Task item
No pictures, nothing altered: return the data below.

==== Supplied information ====

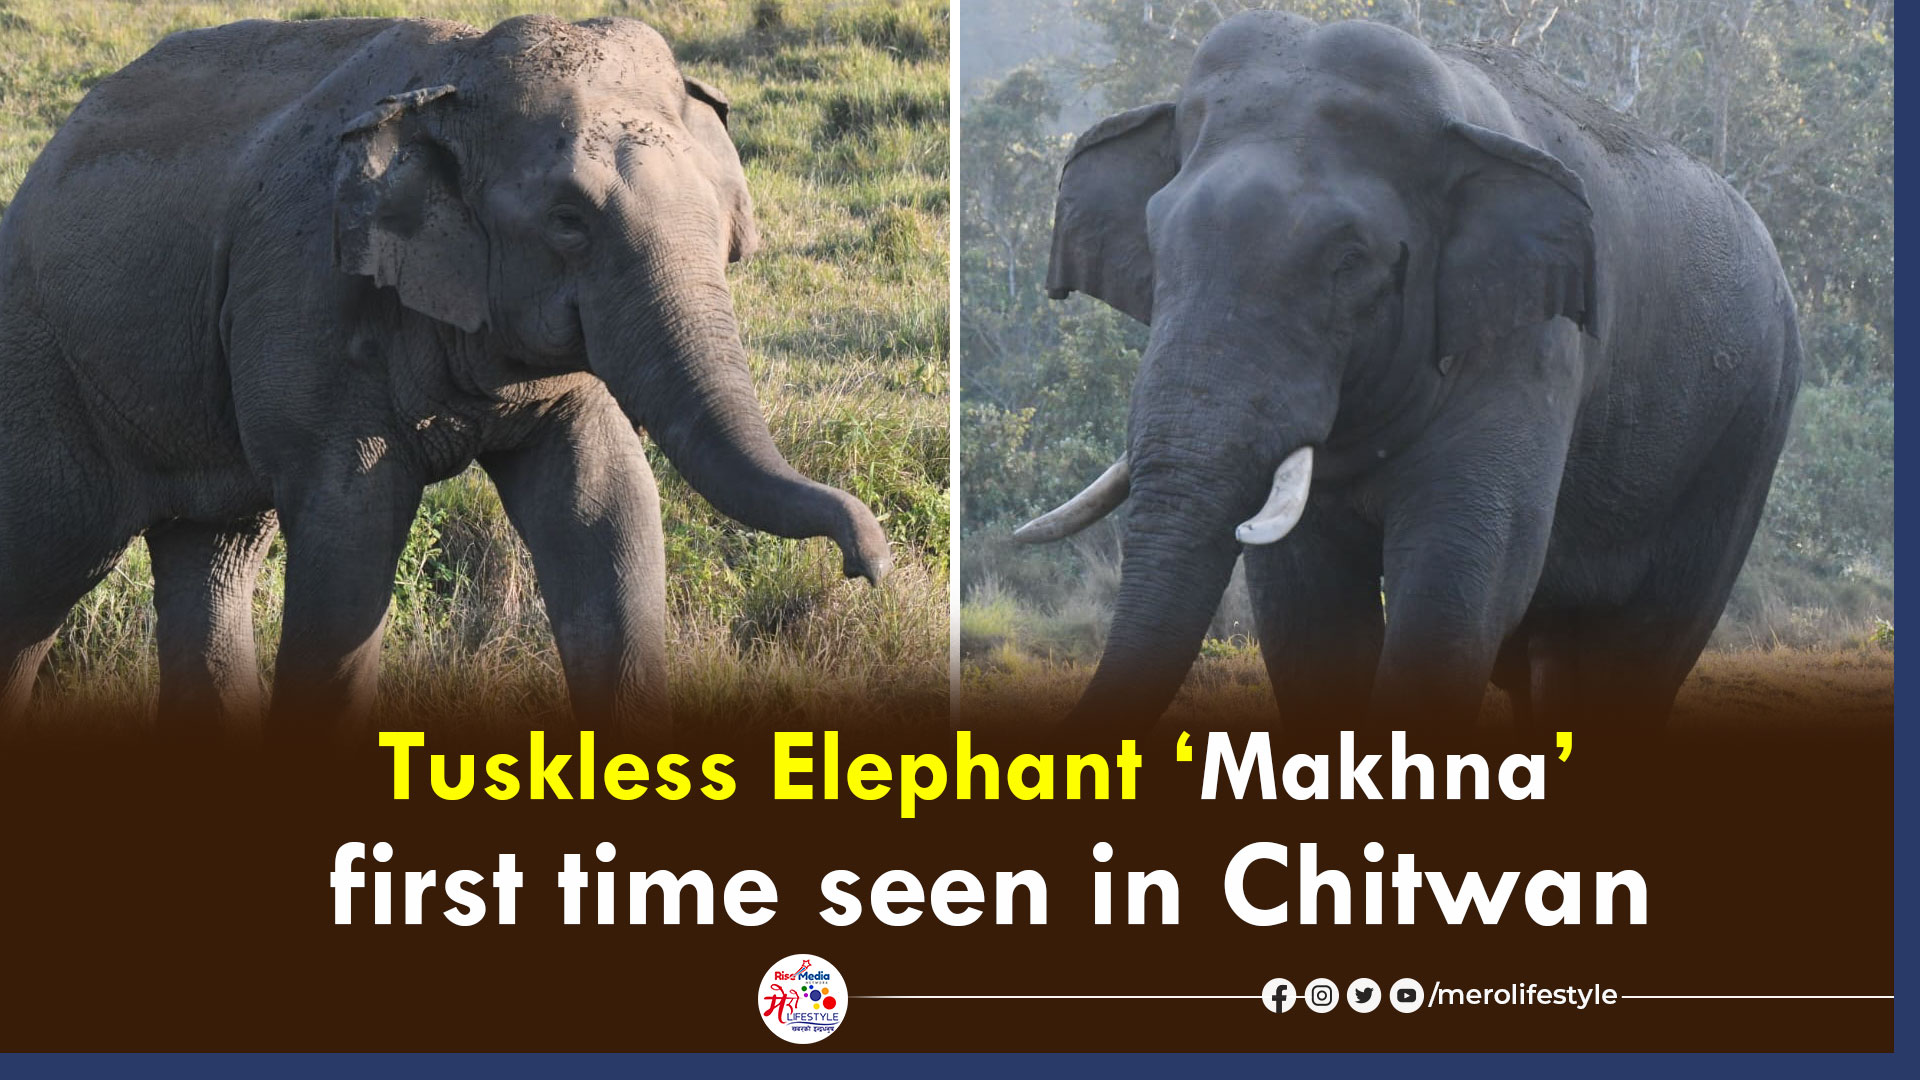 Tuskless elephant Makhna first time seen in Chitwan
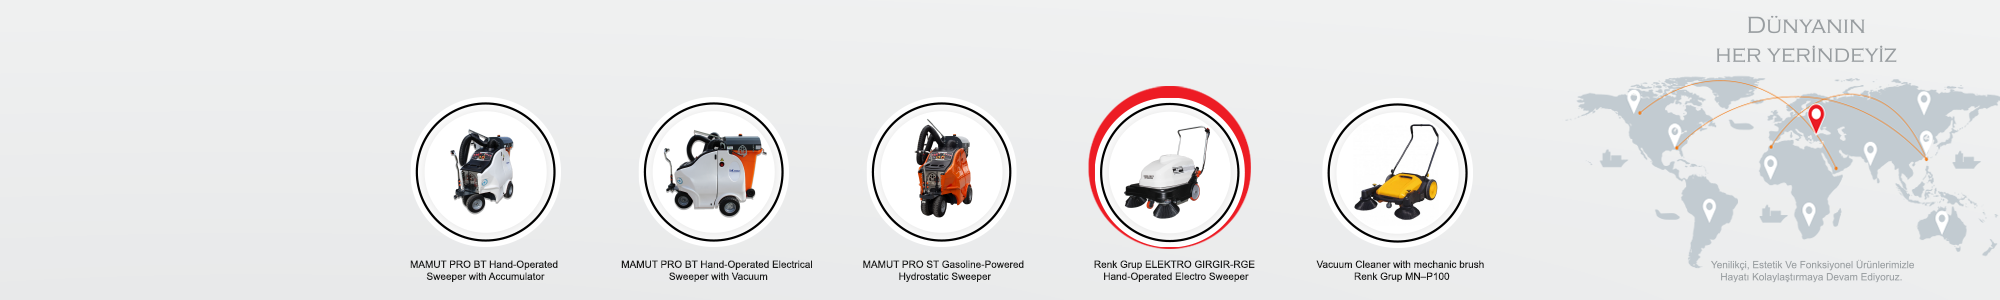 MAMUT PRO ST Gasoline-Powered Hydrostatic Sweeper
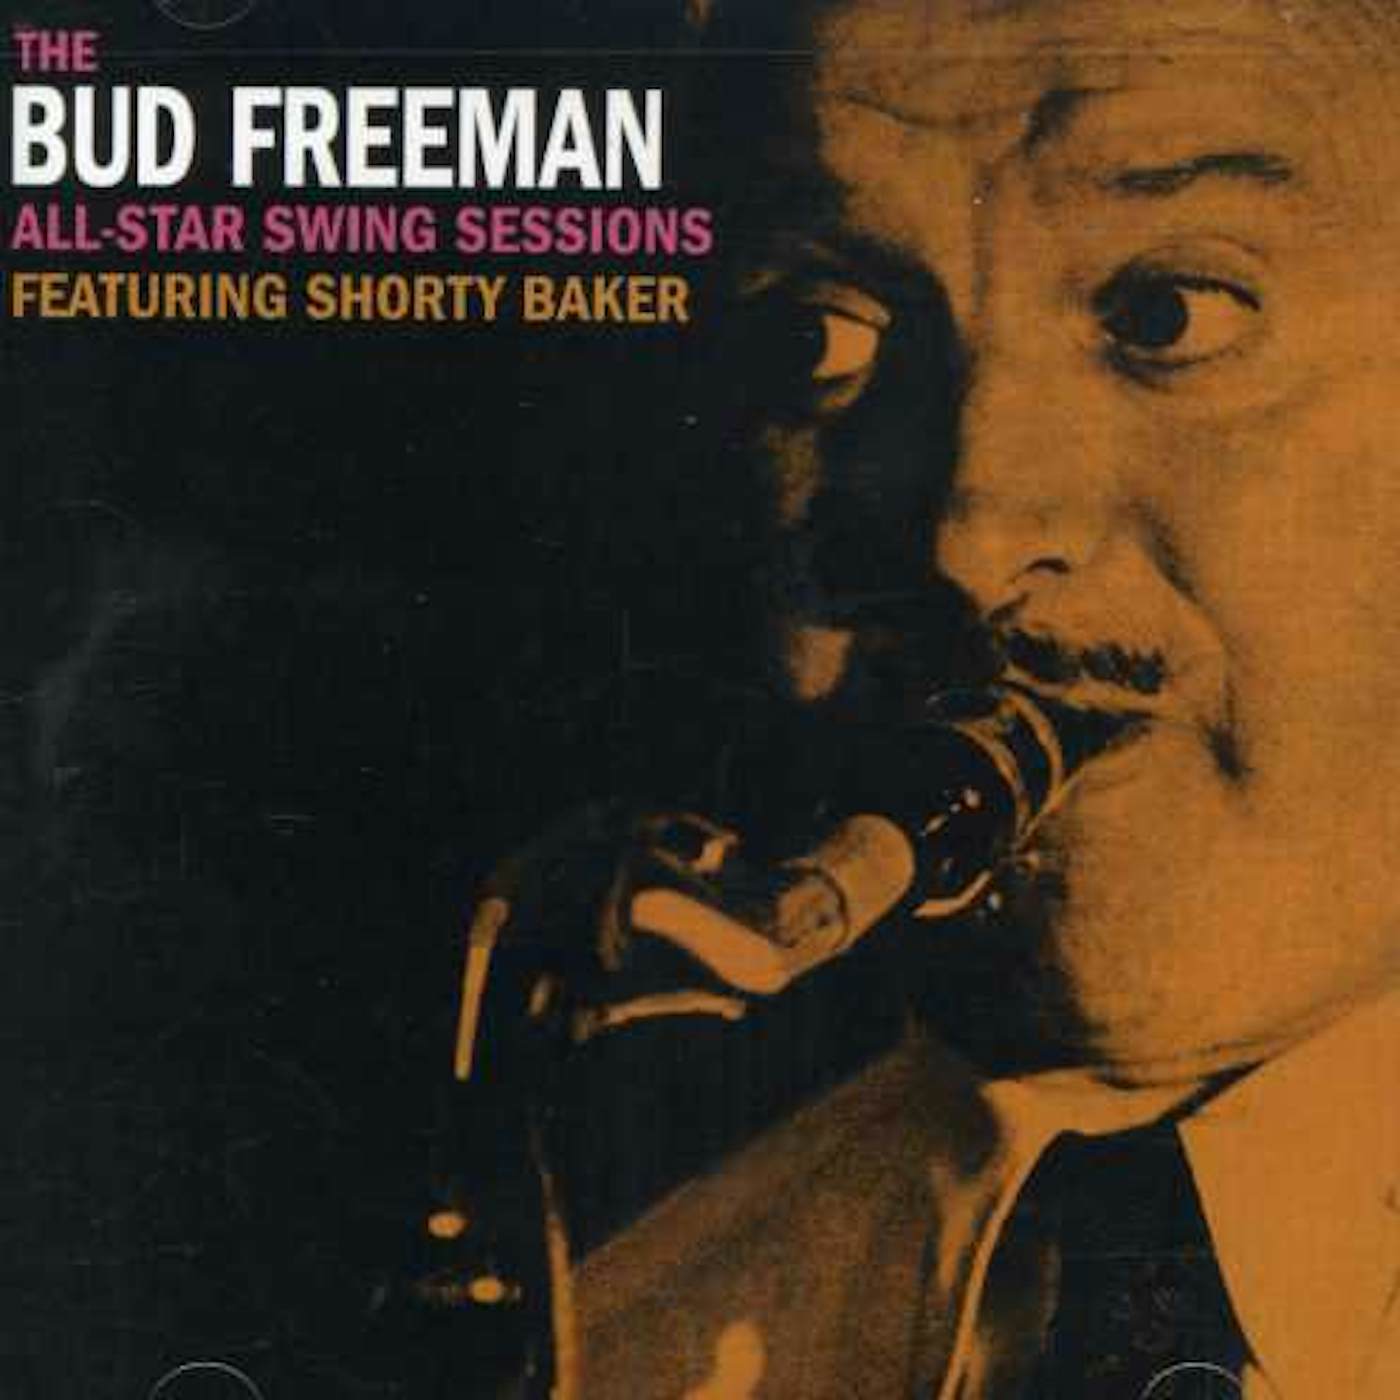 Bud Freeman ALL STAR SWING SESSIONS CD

====

Expected output
 Tuskless elephant Makhna first time seen in Chitwan
 MAMUT PRO ST Gasoline-Powered Hydrostatic Sweeper
 Bud Freeman ALL STAR SWING SESSIONS CD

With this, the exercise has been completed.